Who said anything about braking in corners? and near the limit is not the limit. Again, nice try. Now how about that Hamburger math? 


.


----------



## aclinjury (Sep 12, 2011)

MoPho said:


> Who said anything about braking in corners? and near the limit is not the limit. Again, nice try. Now how about that Hamburger math?
> 
> 
> .


hamburger math?? gotta ask Kittel, he's a pro.


----------



## TricrossRich (Mar 26, 2014)

MMsRepBike said:


> Sagan is quite possibly the fastest descender we have. Maybe Nibali?
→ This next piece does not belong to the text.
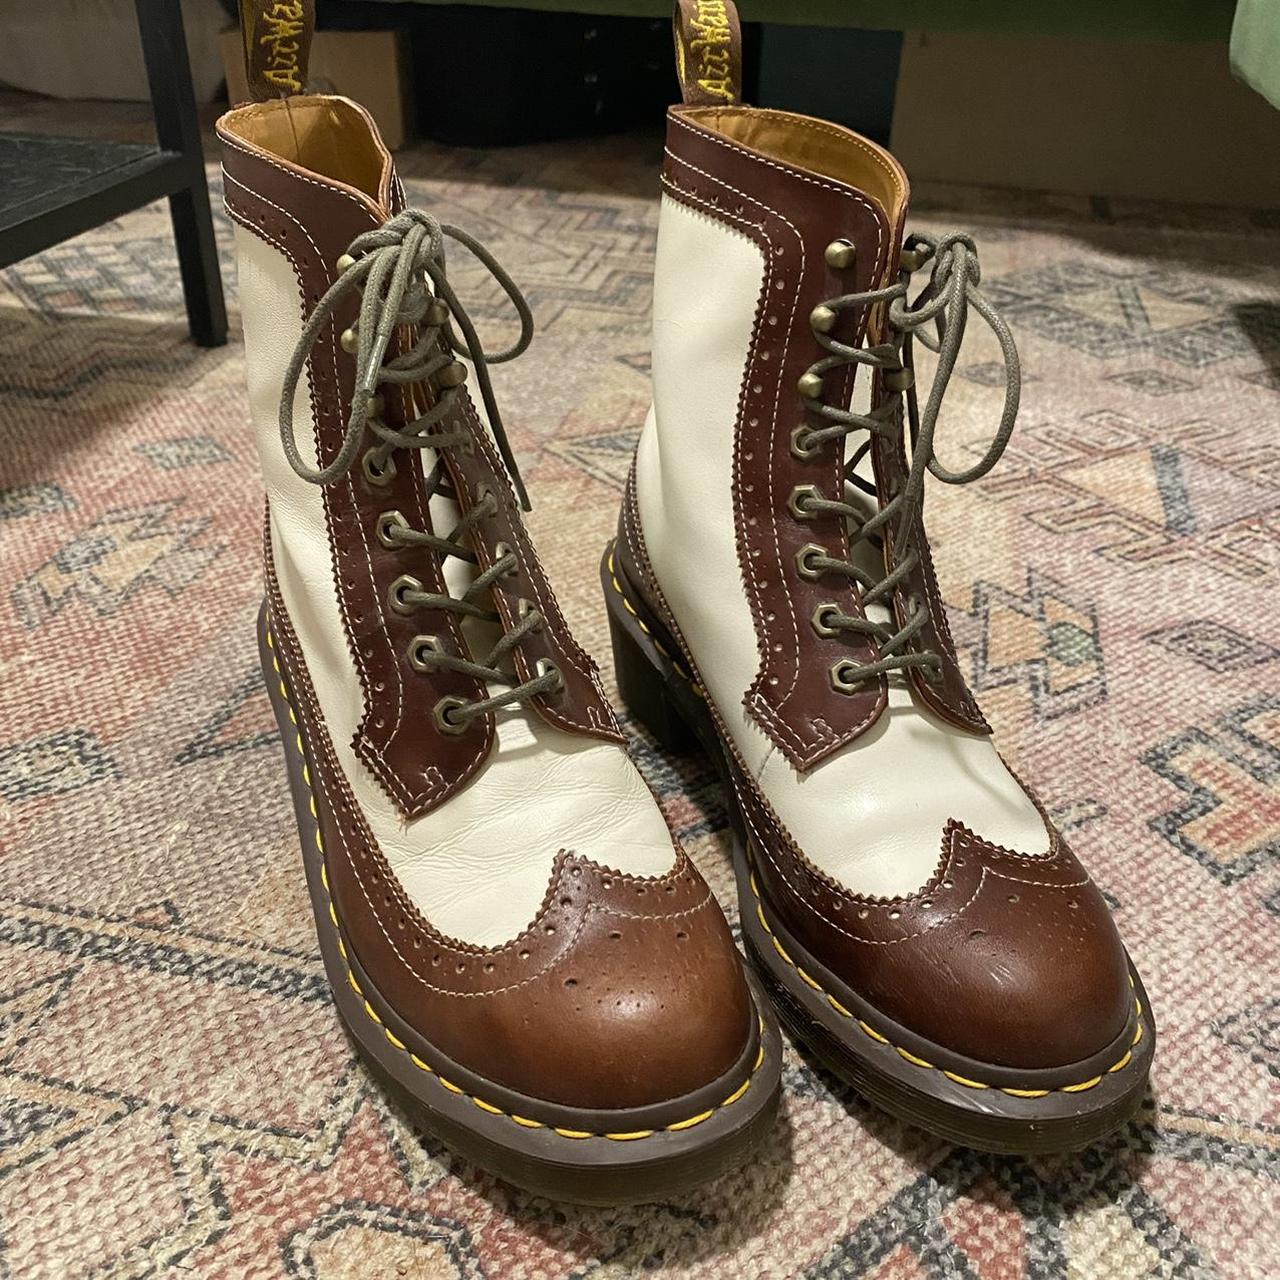 Dr. Martens Women's Brown and White Boots

I think both of these guys are good... certainly two of the best in terms of the big name guys. After watching the 2016 TDF, though, I'd say that Julian Alaphillipe and Jarlinson Pantano have got to be pretty high up that list as well. There were at least 2 points in the 2016 TDF were they both seemed to be riding the wheels off of everyone else around them. There's a guy in the pro-continental ranks here in the US that has a huge reputation for descending like a brick out of a window, but his name escapes me at the moment. I'd also put a 2013/2014 vintage Taylor Phinney on that list, but I'm not sure he's quite got the stuff he once had.


----------



## Rashadabd (Sep 17, 2011)

TricrossRich said:


> I think both of these guys are good... certainly two of the best in terms of the big name guys. After watching the 2016 TDF, though, I'd say that Julian Alaphillipe and Jarlinson Pantano have got to be pretty high up that list as well. There were at least 2 points in the 2016 TDF were they both seemed to be riding the wheels off of everyone else around them. There's a guy in the pro-continental ranks here in the US that has a huge reputation for descending like a brick out of a window, but his name escapes me at the moment. I'd also put a 2013/2014 vintage Taylor Phinney on that list, but I'm not sure he's quite got the stuff he once had.
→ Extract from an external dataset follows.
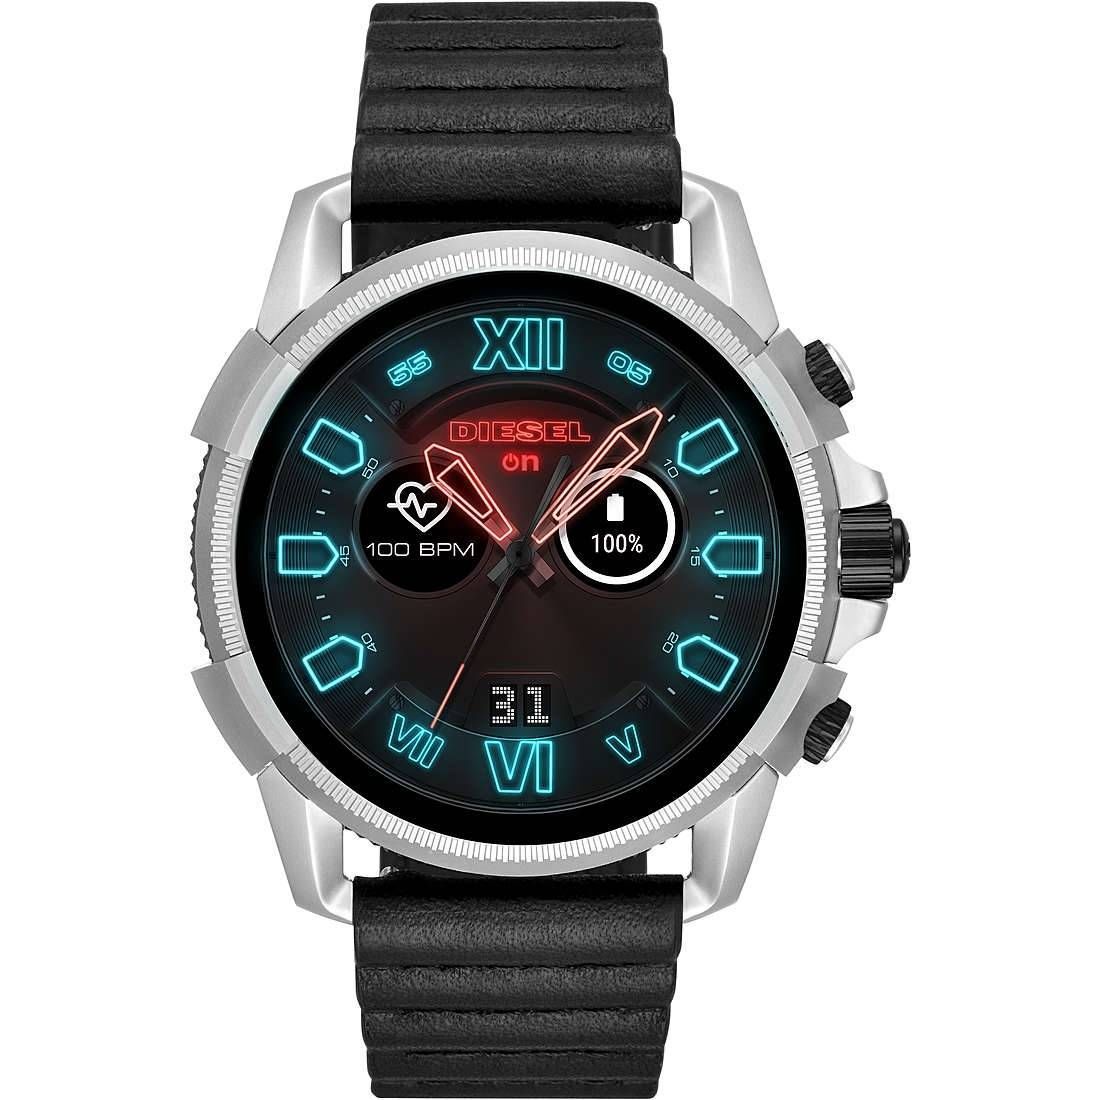 DIESEL On Full Guard Touchscreen Smartwatch Black Leather Strap DT2008

I agree with those names, just don't forget Bardet. He has mad skills as well. 

https://m.youtube.com/watch?v=O27uvaRgeiQ

https://www.sram.com/stories/descent-glory


----------



## TmB123 (Feb 8, 2013)

As much as that was a pretty incredible descent, from all the commentary at the time it was "his" descent, as in his local training climb, so did know it better than most and he took advantage of it. Don't think he has done much since in the way of incredible descents?
it's always hard to compare generations, but Paolo Savoldelli would have to be close to, if not actually the best ever. Unfortunately there doesn't seem to be much video footage of him though.


----------



## JSR (Feb 27, 2006)

I'm pretty sure Savoldeli would have excelled using a Barney Rubble foot brake. The footage in my minds eye has,him sitting bolt upright, rooted in the saddle. He makes one twitch of the bars, nails the apex, and disappears from view.


----------



## TmB123 (Feb 8, 2013)

JSR said:


> The footage in my minds eye has,him sitting bolt upright, rooted in the saddle.


Which is a horrible technique for descending, but clearly worked exceedingly well for him.


----------



## MMsRepBike (Apr 1, 2014)

I don't think they're buying what you're selling Tom.


----------



## dcorn (Sep 1, 2011)

That's Tom explaining how he was involved in a huge crash while riding a disc brake bike and nobody was injured by the discs. Nor was the accident caused by his superior braking ability due to the disc brakes. 

But yep, people like MMsRepBike won't listen to reason and believe what they want regardless of facts. 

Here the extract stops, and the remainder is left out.